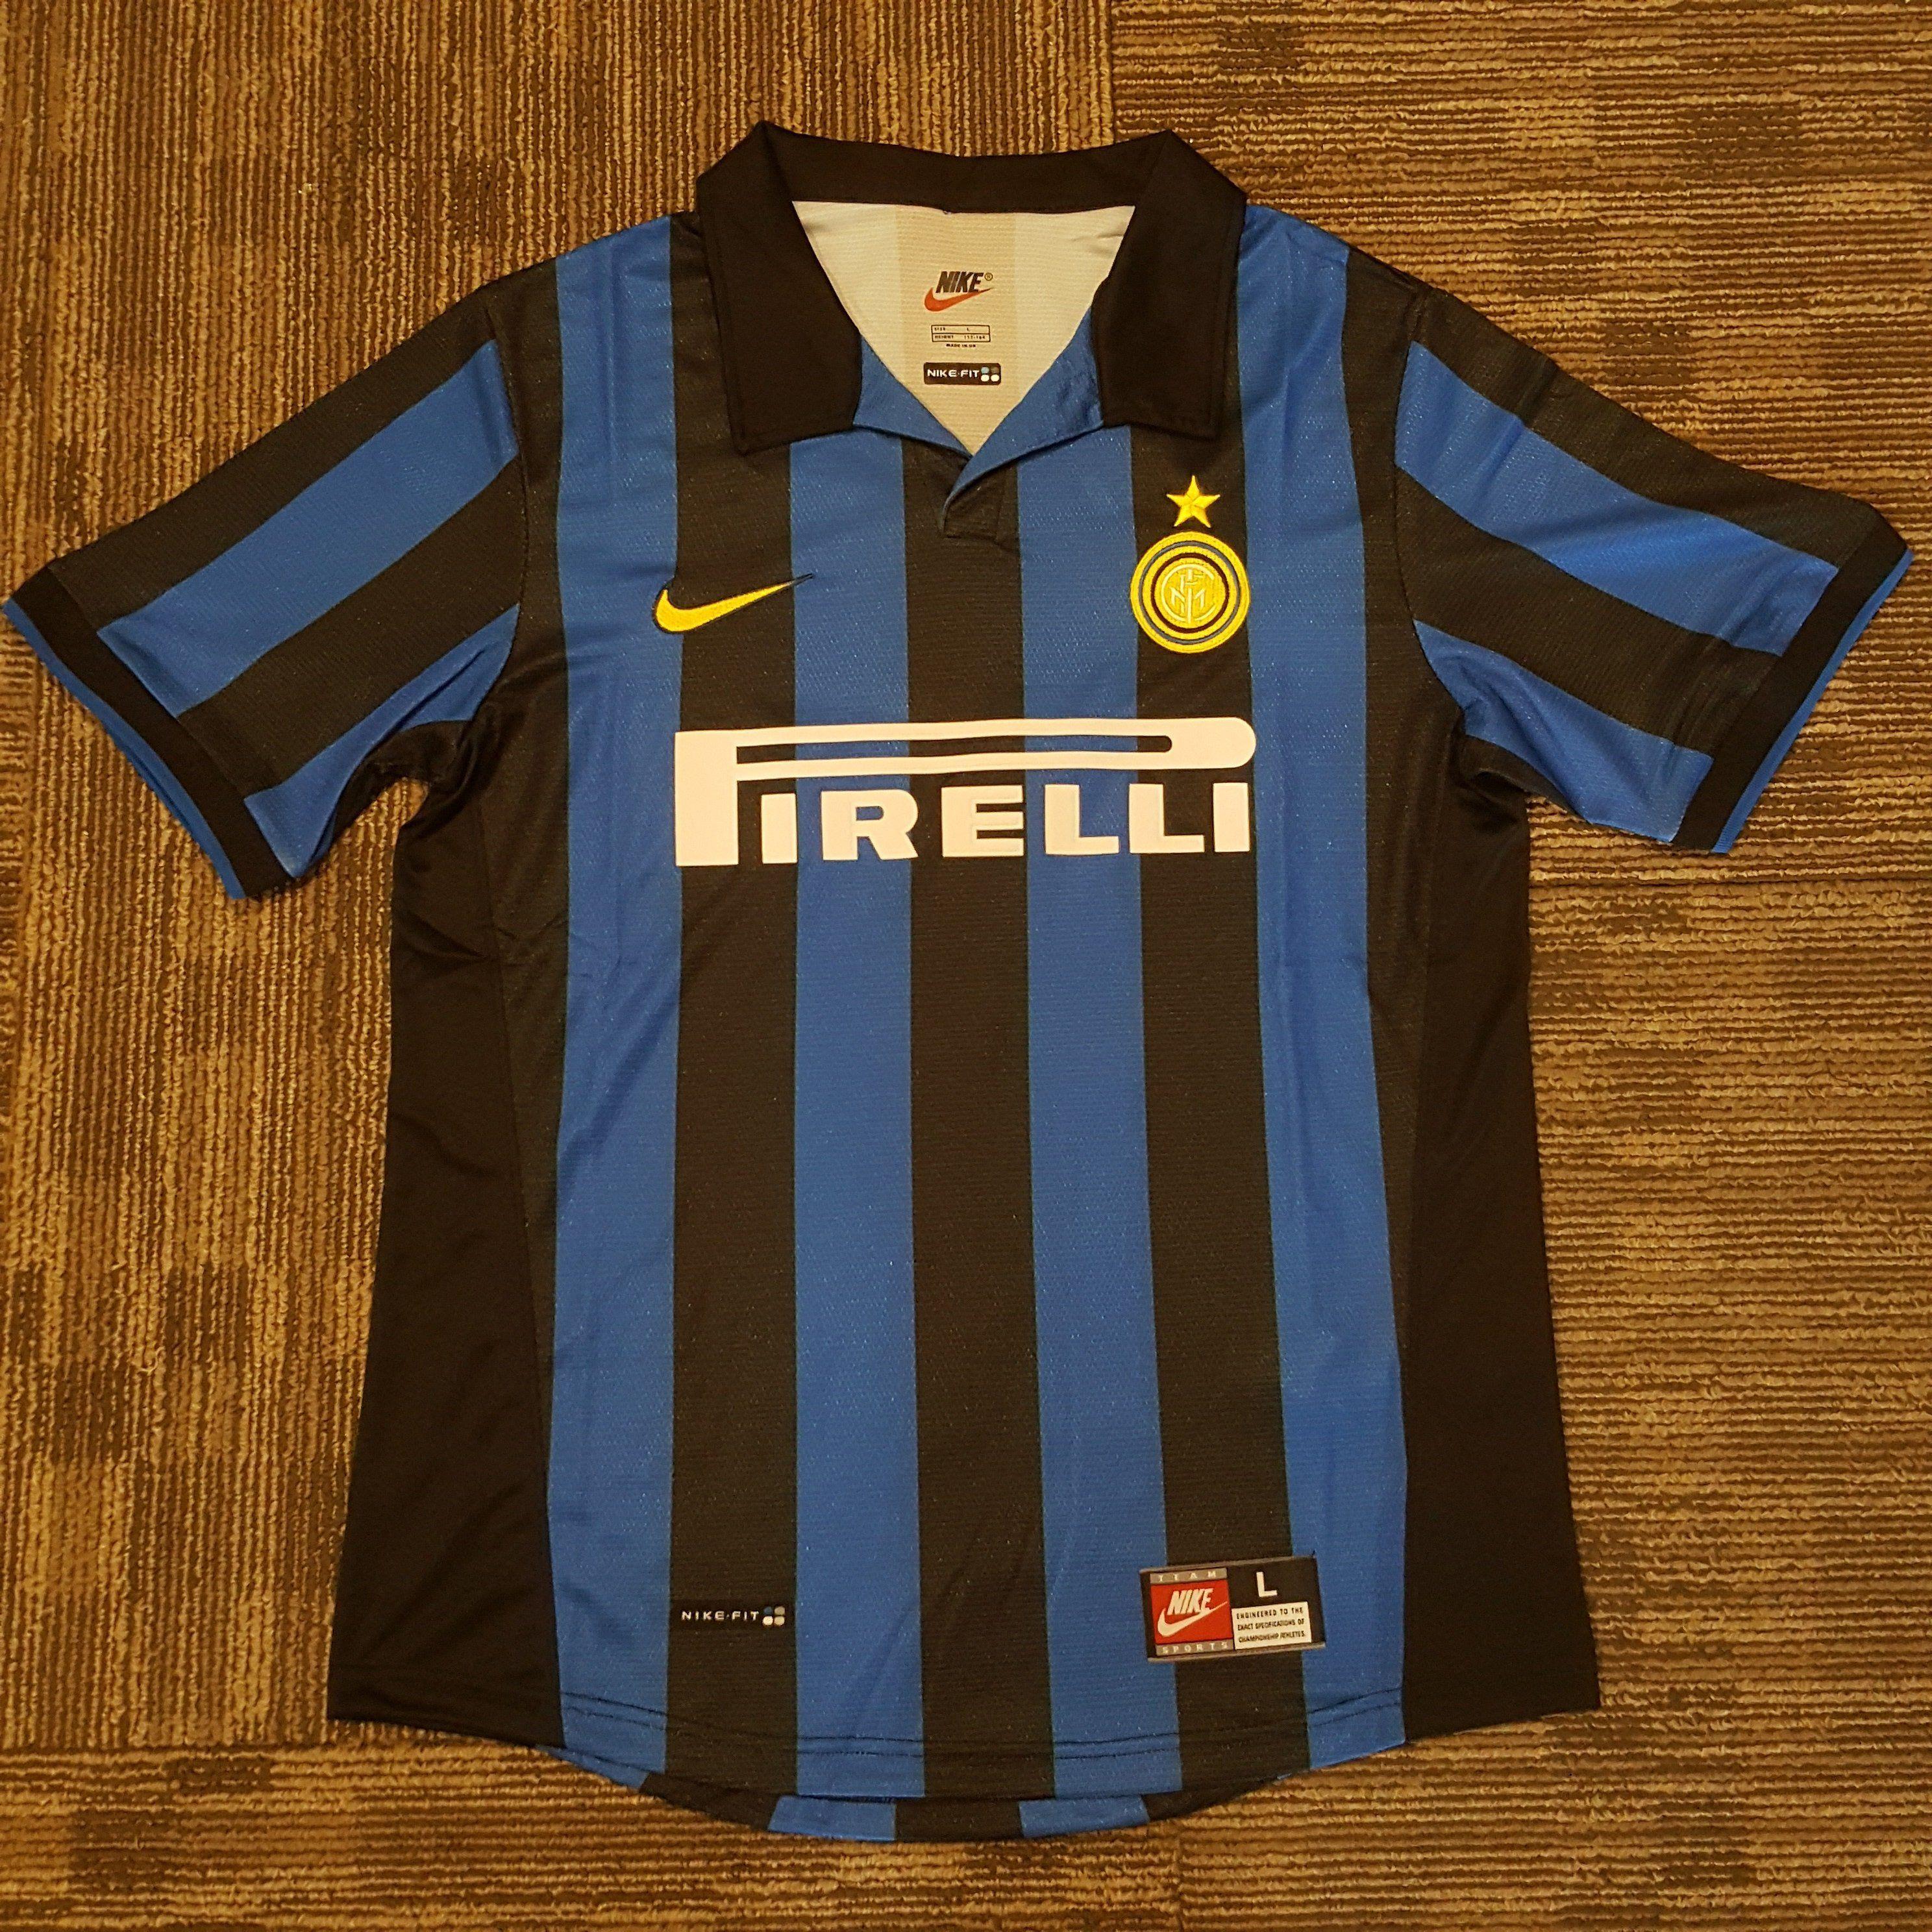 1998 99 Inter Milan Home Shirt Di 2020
---
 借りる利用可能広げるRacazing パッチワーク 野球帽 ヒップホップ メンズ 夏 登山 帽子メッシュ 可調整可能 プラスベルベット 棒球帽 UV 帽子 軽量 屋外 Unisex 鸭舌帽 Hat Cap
* * *
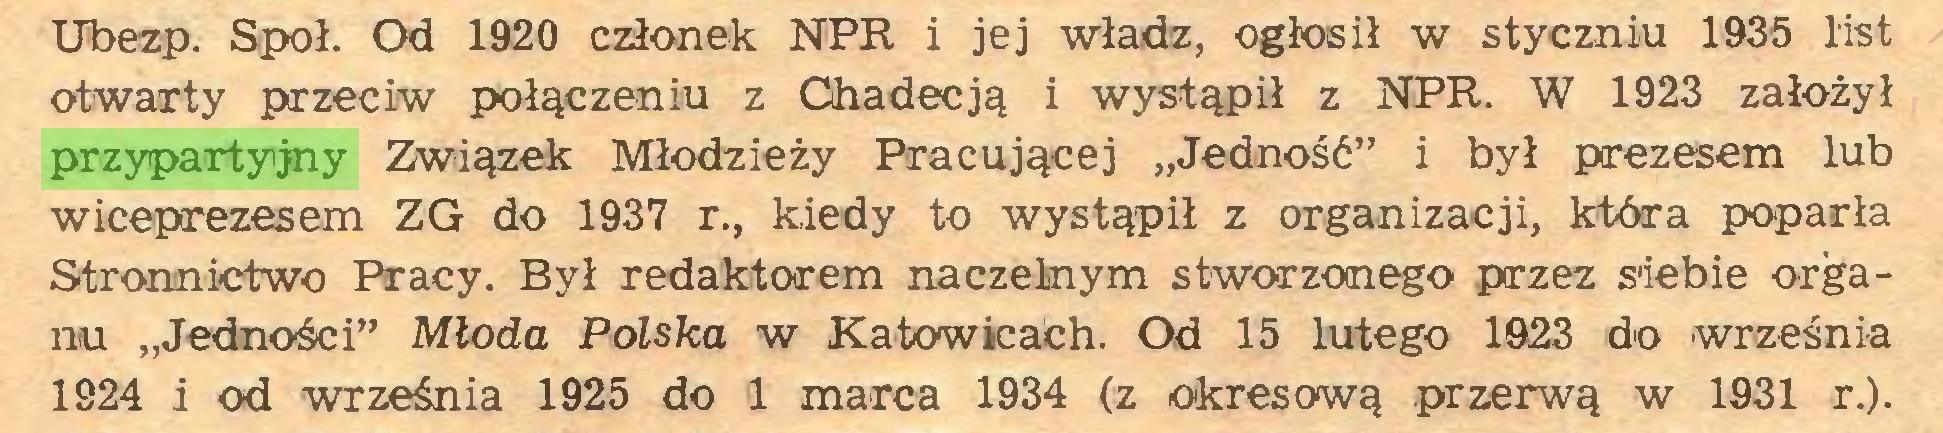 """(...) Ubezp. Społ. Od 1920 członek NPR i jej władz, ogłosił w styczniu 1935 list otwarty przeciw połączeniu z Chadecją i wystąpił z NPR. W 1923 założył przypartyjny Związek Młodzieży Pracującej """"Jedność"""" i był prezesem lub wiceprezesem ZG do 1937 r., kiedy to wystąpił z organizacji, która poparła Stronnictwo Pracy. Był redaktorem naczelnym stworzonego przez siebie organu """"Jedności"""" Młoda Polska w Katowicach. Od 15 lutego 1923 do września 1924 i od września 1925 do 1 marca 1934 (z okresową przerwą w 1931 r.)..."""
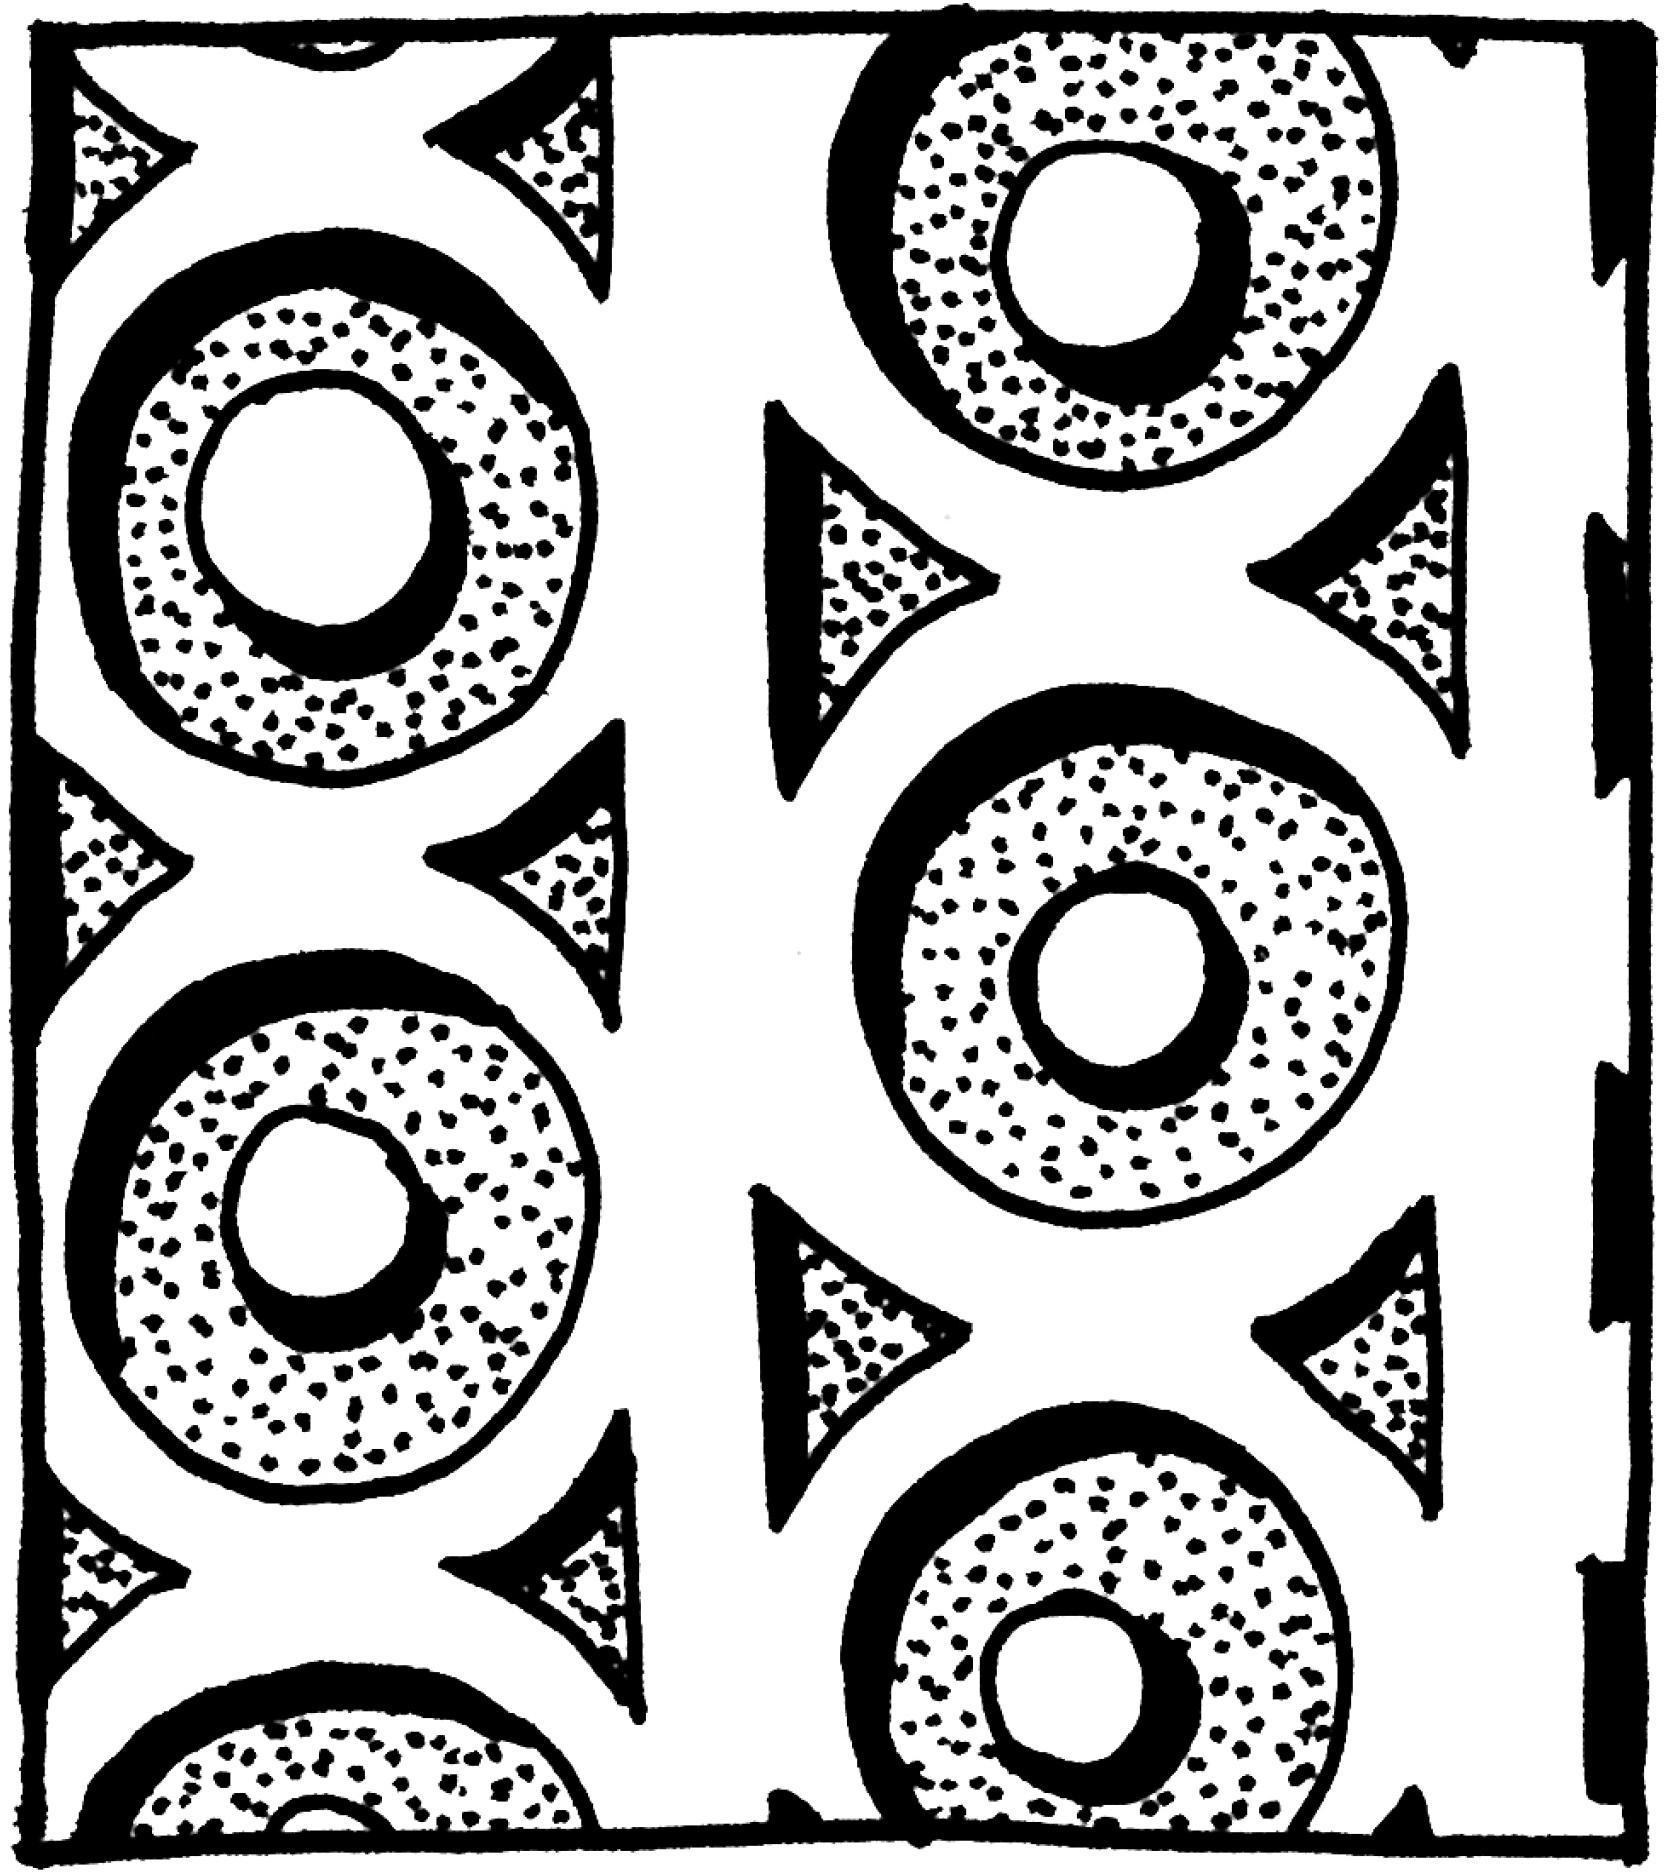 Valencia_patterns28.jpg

*Exercise*
Please copy the lines above exactly, starting at the line that holds "Ubezp. Społ. Od" and ending at the line that holds "Valencia_patterns28.jpg"; include both, but no pictures.

*Written answer*
 """(...) Ubezp. Społ. Od 1920 członek NPR i jej władz, ogłosił w styczniu 1935 list otwarty przeciw połączeniu z Chadecją i wystąpił z NPR. W 1923 założył przypartyjny Związek Młodzieży Pracującej """"Jedność"""" i był prezesem lub wiceprezesem ZG do 1937 r., kiedy to wystąpił z organizacji, która poparła Stronnictwo Pracy. Był redaktorem naczelnym stworzonego przez siebie organu """"Jedności"""" Młoda Polska w Katowicach. Od 15 lutego 1923 do września 1924 i od września 1925 do 1 marca 1934 (z okresową przerwą w 1931 r.)..."""
 Valencia_patterns28.jpg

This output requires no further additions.